この技○選の様子を先日テレビで放映していました。アナウンサーの「演技種目によって板を換えているんですね?」という問いに対して解説者が「大回りと小回りではサイドカーブや長さの異なる板を使い分けている」というような趣旨のコメントをしていました。もし彼(S○J)が普及部に属していながら、何の疑いもなくそれが普通だと思っているのなら、カービングスキー最大の欠点をさらけだした上に、「スキーは技術よりドーグだよ」と言ったに等しい大○カなのです。内容とすればバッジテストと大して変わらないのに、権威付けの為かどうかは知りませんが一般スキーヤーの環境とは随分かけ離れているのがとても心配になってきました。もう
×××でピー×××ピーピーというほかはありません。
折角テレビが放映してくれたのですから、もっとスキーの楽しさを伝えてくれるような解説の内容であってほしかったと思いました。

クレーマーか?
2002/03/17
(03/22修正)
いいたい放題を書い又その内容を振り返った時に、好きなスキーのことを大切に思い、又この醍醐味溢れるスポーツをより幅広い人々に楽しんでもらいたいとう思うあまり、自分こそが配慮や謙虚さや思いやりや向上心を失った只のクレーマーに成り下がってしまったのではないかと「ハッ」としました。

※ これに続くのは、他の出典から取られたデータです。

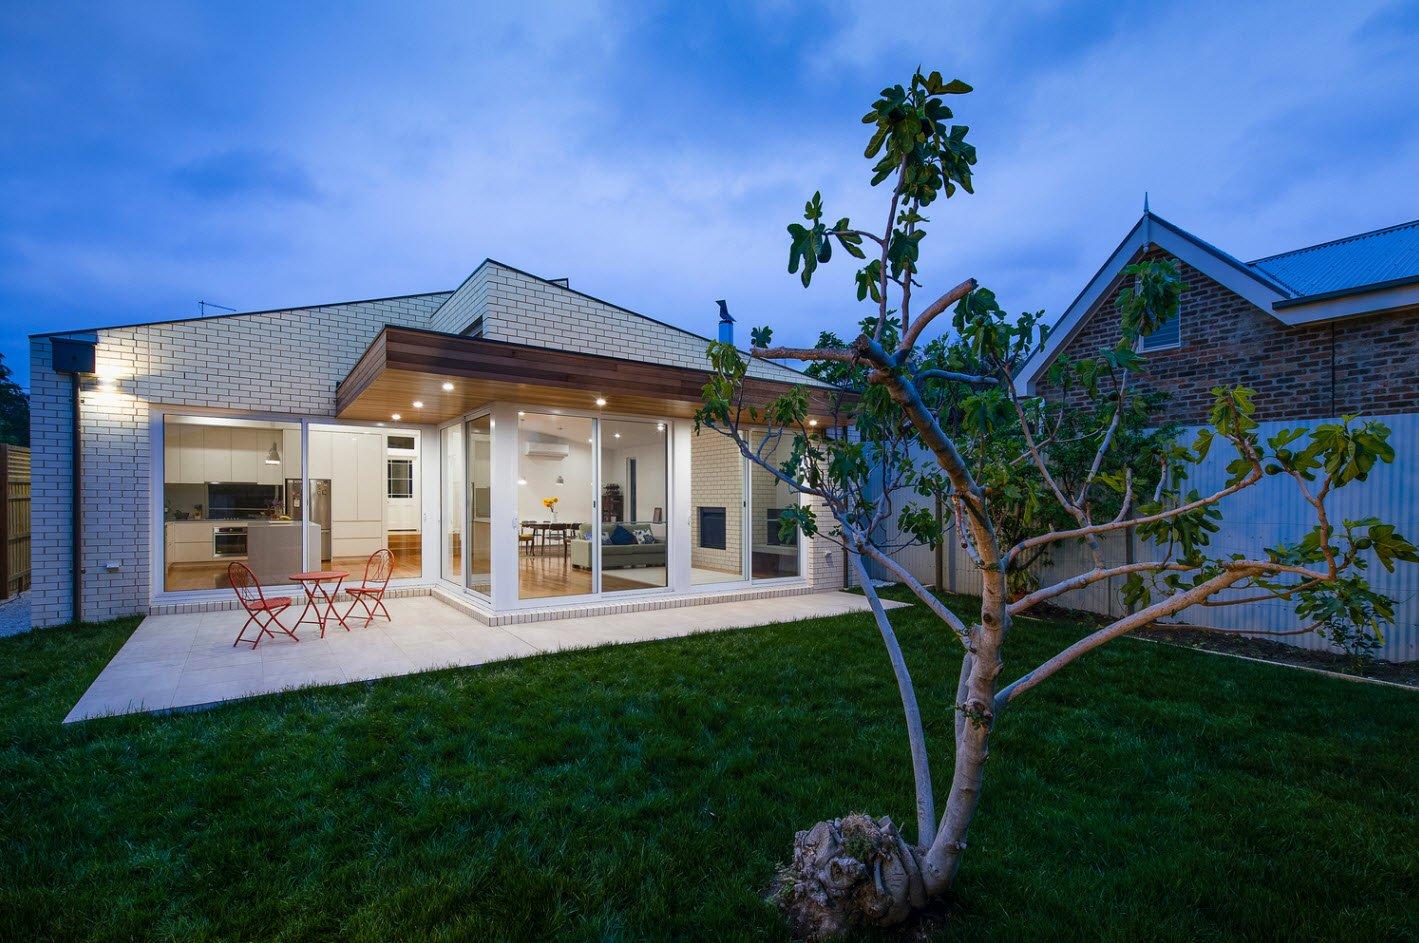 Vista de fachada – Diseño: ITN Architects   Fotos: Patrick Rodriguez

スキーというスポーツとそれを取り巻く環境へ言及する際に、その内容が単に加齢による実体験の多さや非科学的な妄想でも、又は特定の宗教や政治的思想の影響を受けても困るわけで、なるべく自然の摂理との整合性がとれるような形で表現しなくてはならないのに、一向に改善されない現状への焦りからつい感情を抑えることが出来ず、反動的とも取られる表現になっているのかもしれません。

こうした心理状態は全く個人的な問題でありながら、実はそのスキーに対する意識の「構成要素」には、大半が自分の歩んで来た時代を取り巻く様々な環境に影響された結果だと言うことは理解していても、反面その環境的な制約で創ることが出来なかった人との関わりや、あるいはそうした時代との関わりから孤立したために起こるのでしょうか。

スキーのこと、技法のこと、スキー場のこと、その他諸々について他人から理解されないことを悩む時があります。 このことは逆に言えば自分が他人を理解しようとしていないからなのか、 あるいは自分自身を理解していないからなのかはわかりませんが、例えば最近のスキー界がカービング至上になって、新たにスキーを始めようとする人にとっては短いカービングスキーしか選択肢が無い(したがってスキーとはそういうものだと思う)現在、一貫してカービングスキーには否定的な論調を展開してきただけに、カービングスキーって本当は優れた道具なのかもしれないと思ったりする時、とても大きな「無力感」に支配されることがあります。

スキーによってもたらされた感動をはじめとする様々な感情が、自分の人生に与えた影響を推し量る時、今の時代を認識出来ずに、自分の心はもっと手前の時代をさまよっているだけなのかもしれません。そういった隔たりから「無力感」は来るのでしょうか。

以前にも書いたように世の中の何もかもが便利になり、スキーもごたぶんに漏れず短期間で滑れるようになりました。しかし簡単に上達することと心の豊かさや気持ちよさを伴った楽しさとは又別の問題だと思うのです。懐古趣味ではないと確信しながらも、新しい時代との関わりを持てず、振り返ると「自分しかいない」と知ることはとても不安ではありますが、カービングスキーで滑った時の、心に砂混じりの風が吹いた様なザラザラとした気持ちの悪さを我慢してまでそれを使う気にはなれないのです。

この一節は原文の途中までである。